The law also does not affect agreements currently in place. But it will limit any agreements entered into on or after May 10, 2016, including any renewals of currently existing agreements.

If you use non-compete agreements – in any state – you may want to limit to one year the term of the post-employment obligation. It’s tough enough to enforce the year in many states because courts see the limitation as an infringement on the ex-employee’s right to make a living.

While you’re at it, take a look at your severance policy in general and form  agreements. Don’t forget to include the fact that the agreement is mutually agreed upon, necessary to protect the goodwill of your business, supported by adequate consideration, and entered in good faith.

Okay, so just what amount is adequate consideration. A “pat on the back and a 15 cent subway token” once was sufficient (if there was a subway around), but I don’t know what Hillary paid recently when she got stuck in that turnstile, but it didn’t seem to be sufficient.

There is no absolute definition of adequate compensation. It depends on the nature of the position, the person’s compensation, but 5% has been bandied about as adequate in some cases.

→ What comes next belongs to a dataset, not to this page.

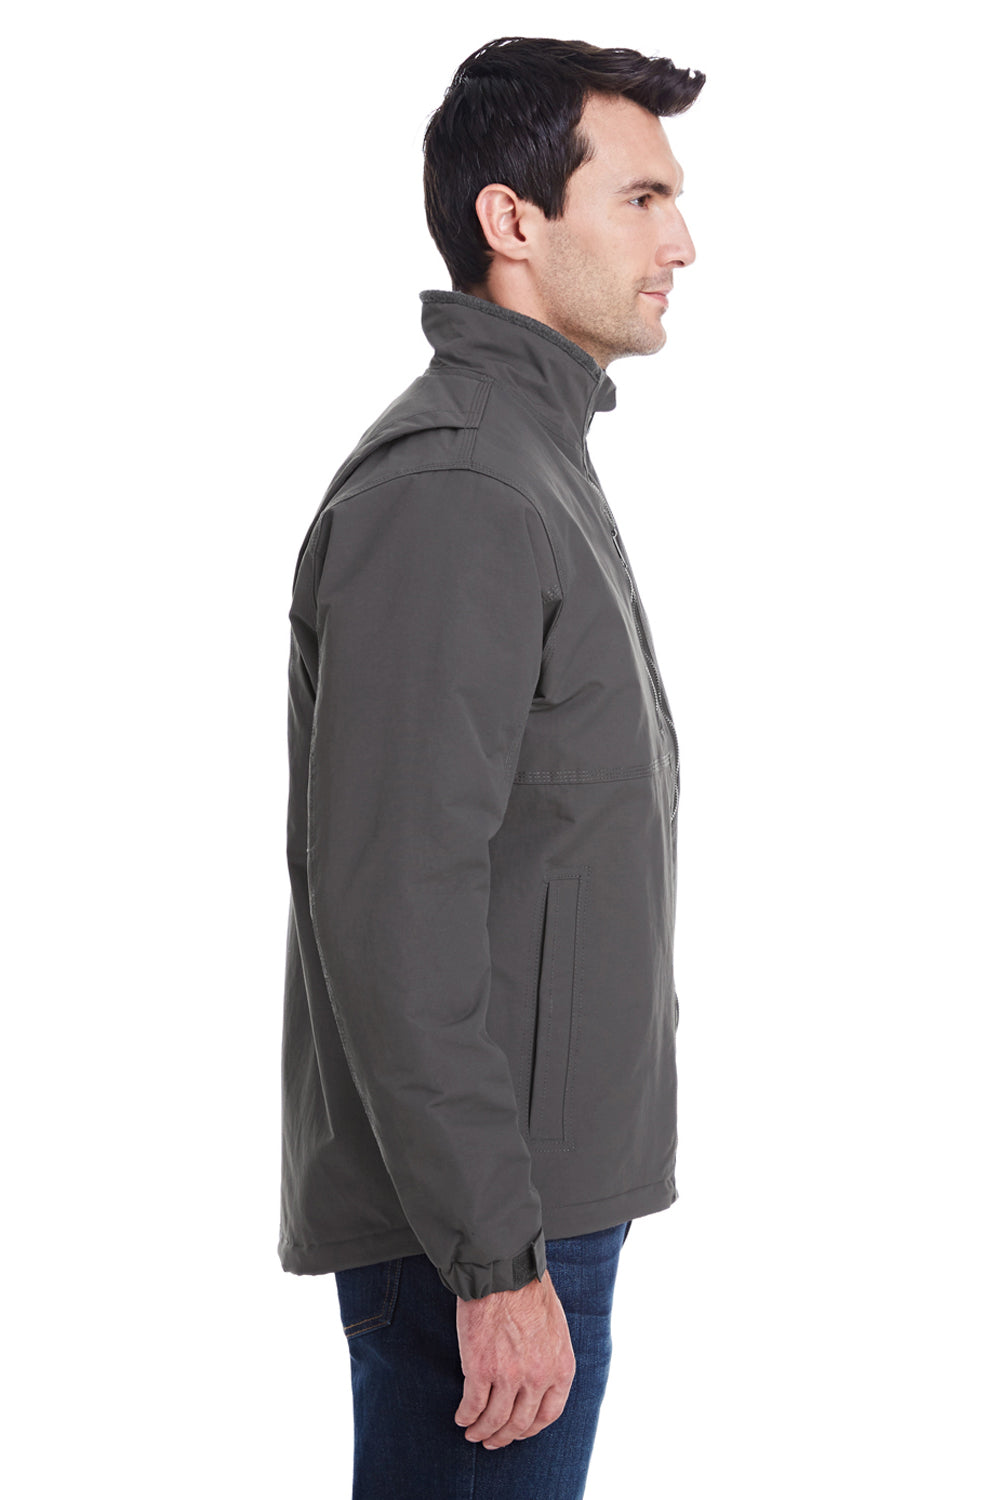 Dri Duck 5369 Mens Navigator Wind & Water Resistant Full Zip Jacket Charcoal Grey Side

And that being said, you must be cautious because penalties for employers seeking to enforce non-compete agreements are painful if it is eventually determined in court or via arbitration that the agreement is void. Damages can include lost wages, attorney fees, court costs.

If you must “separate” employees check on the best course of offering severance agreements to include non-compete provisions that don’t run afoul of the existing law or general feeling of judges and /or arbitrators.